Пройдя сквозь дым - Бессонов Алексей Игоревич 5 стр.


– И никто не сопротивлялся? – ощерился Ланкастер.

Осайя вздохнул и поднял узкогорлый бокал на высокой ножке.

– Давайте выпьем за ваш приезд, а потом уж я вам расскажу как сумею. Понимаете, те, кто имел желание сопротивляться жрецам, либо бежали, либо погибли еще много лет назад, во время так называемого Великого Солнцеворота. Когда-то ведь я и сам фанатично верил во все то, что мне вбивали в башку Светлые Сыновья: верность Отцам как единственный смысл жизни, искоренение скверны любыми путями. А скверна, что б вы, генерал, знали – это абсолютно все, что мешает Верности. Цивилизация как таковая тоже вредна, ибо мешает той самой Верности как Служению. Надо сказать, что встреча с Андреем и общение с другими представителями Конфедерации на борту «Парацельса» вывернули меня, если можно так выразиться, наизнанку. И от всей этой Верности давно сдохшим, к счастью, айорс, у меня осталось только сожаление о бессмысленно прожитой жизни моих предков. Так что, выйдя в начальство, я только притворялся, что поддерживаю всю эту скотскую банду. Я твердо верил в одно: что вы нас не бросите. И Андрей, и Даль, обещали мне это совершенно определенно. Но… знаете, годы-то ведь шли. Все чаще я напивался и думал, что вы и в самом деле проиграли свою войну, а значит, нам рассчитывать не на что. А потом вдруг все радиосети планеты – а радиоприемник у меня, конечно, был, – просто взорвались. Ведь Даль, как вы знаете, так и не решился вступать в официальный контакт хоть с каким-нибудь из наших правительств. Он объяснял это невозможностью вмешиваться в войну в Северном полушарии, но ведь воевали не все. Не вся, в конце концов, планета! В итоге о визите «Парацельса» никто толком и не знал. Ходили какие-то неясные слухи: транспортник леггах, после того, как мы обезвредили его груз, кое-кто поспешил объявить Явлением Ковчега, но потом эта версия была опровергнута. И тут – четыре корабля сразу! Старший комиссар раздавал интервью направо и налево, портреты нашего дорогого Андрея, как недавнего спасителя планеты мелькали по всем телеканалам – я, правда, их не видел, потому что телевидения у нас уже не было ни в каком виде, а даже если бы я и сумел сохранить телеприемник, то все равно не смог бы принимать передачи от соседних государств без ретранслятора.

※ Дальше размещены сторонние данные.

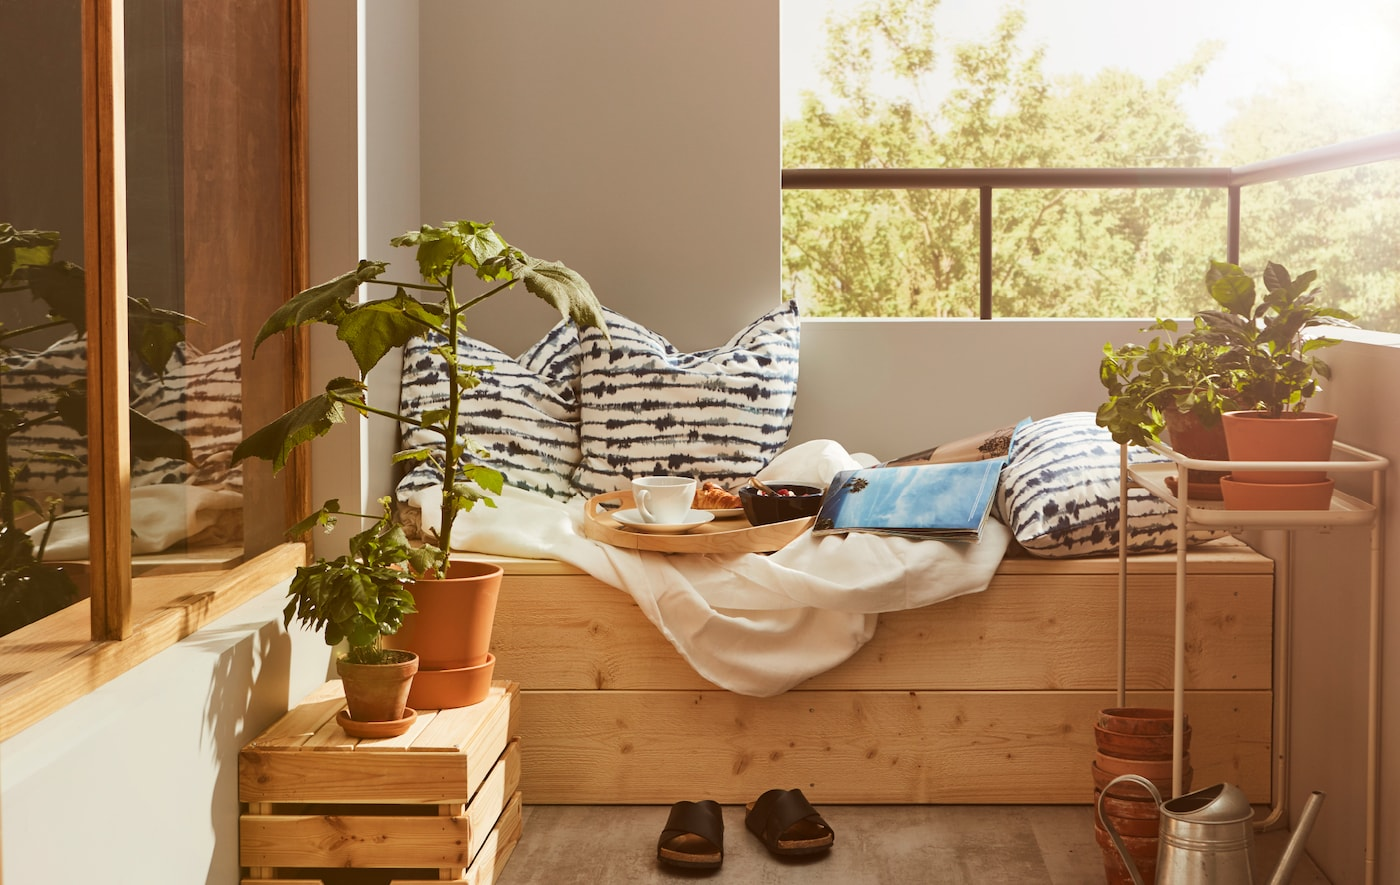 Hjørnet af en altan med en trækonstruktion med puder, sengetøj og en bakke med morgenmad.

Все гонялись, как угорелые, за нашей Касси, которая к тому времени успела родить сына и стать большим военным чином у себя на родине. Кстати, Андрей. Ты видел свои статуи, сделанные по стереоизображениям?

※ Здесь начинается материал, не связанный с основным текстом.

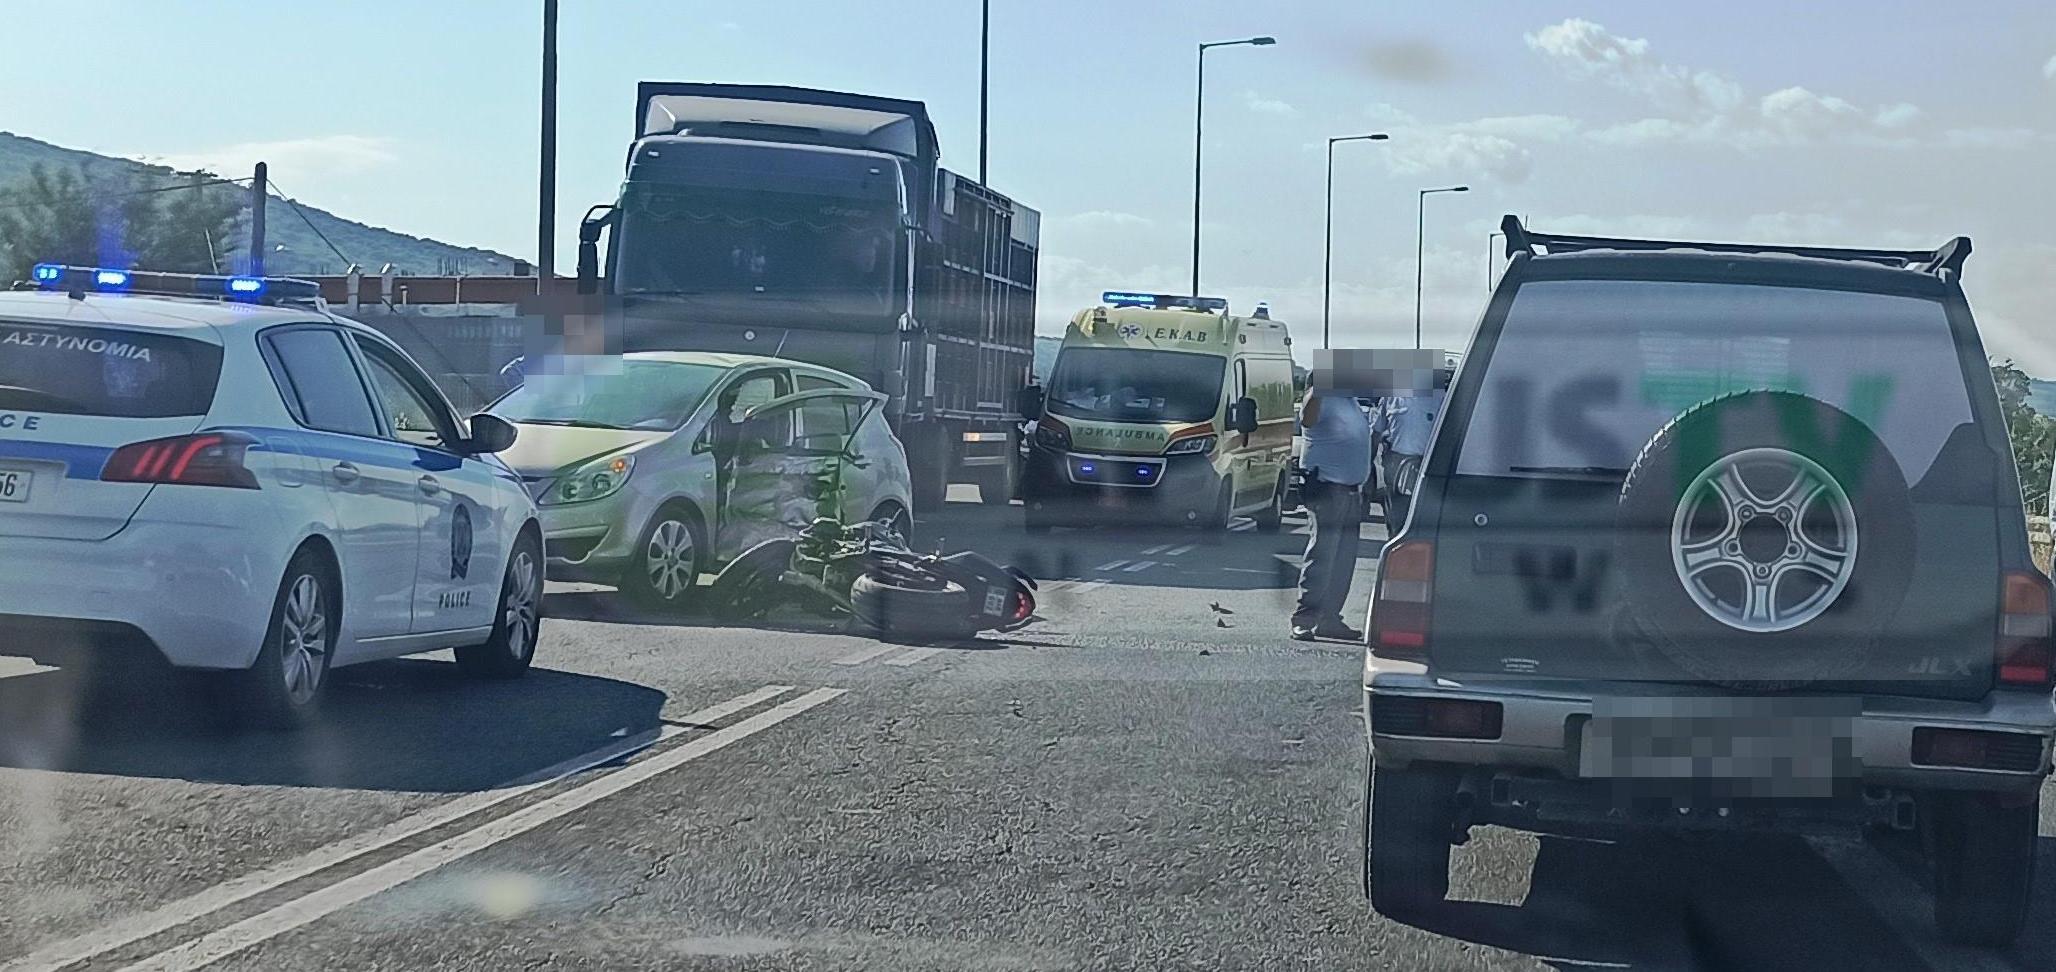 Ιωάννινα: Σοβαρός τραυματισμός οδηγού μηχανής μετά από σύγκρουση με ΙΧ (pics)

– Видел, – поджал губы Огоновский. – Надеюсь, ты понимаешь, почему я не прилетел лично?

– Не очень, – вздохнув, грустно улыбнулся Осайя. – Они там что-то молотили про твою занятость, но я так ничего еще и не понял. И Касси, по-моему, тоже. Она все время рассказывала о тебе – ты знаешь?

– Тогда еще шла война, – Андрей подлил своему другу коньяку и хмыкнул, отводя глаза в сторону: – и мы не до конца были уверены в ее результате. Конечно, я должен был лететь вместе с Далем, но, понимаешь, я был главным хирургом крупного подразделения, которое сражалось настолько далеко отсюда, что при подготовке экспедиции на меня просто не осталось времени.

– Ты обиделся на них?

– Нет. Решение об экспедиции приняли довольно неожиданно для всех: это была воля высшего политического руководства Конфедерации, экспедиция готовилась в страшной спешке, и транспортировать меня с другого конца галактики уже не получалось.

Ланкастер едва слышно вздохнул. Осайе не стоило знать, что четыре корабля, пришедшие на Трайтеллар едва ли не в последние дни войны, на самом деле были носителями, имеющими на борту шесть легионов десанта: существовала вероятность того, что, уходя, эсис решат зацепиться за этот, критически важный для человечества мир, – ни один из чинов разведывательного сообщества Конфедерации не мог сказать точно: известны им его координаты или все же нет. В какой-то момент решено было считать, что «верхушка» эсис вероятно имеет информацию о существовании Трайтеллара, а раз так – его необходимо защищать всеми доступными способами. Сам Ланкастер полагал подобное мнение ошибочным, но правды не знал, да теперь уже и не узнает, – никто.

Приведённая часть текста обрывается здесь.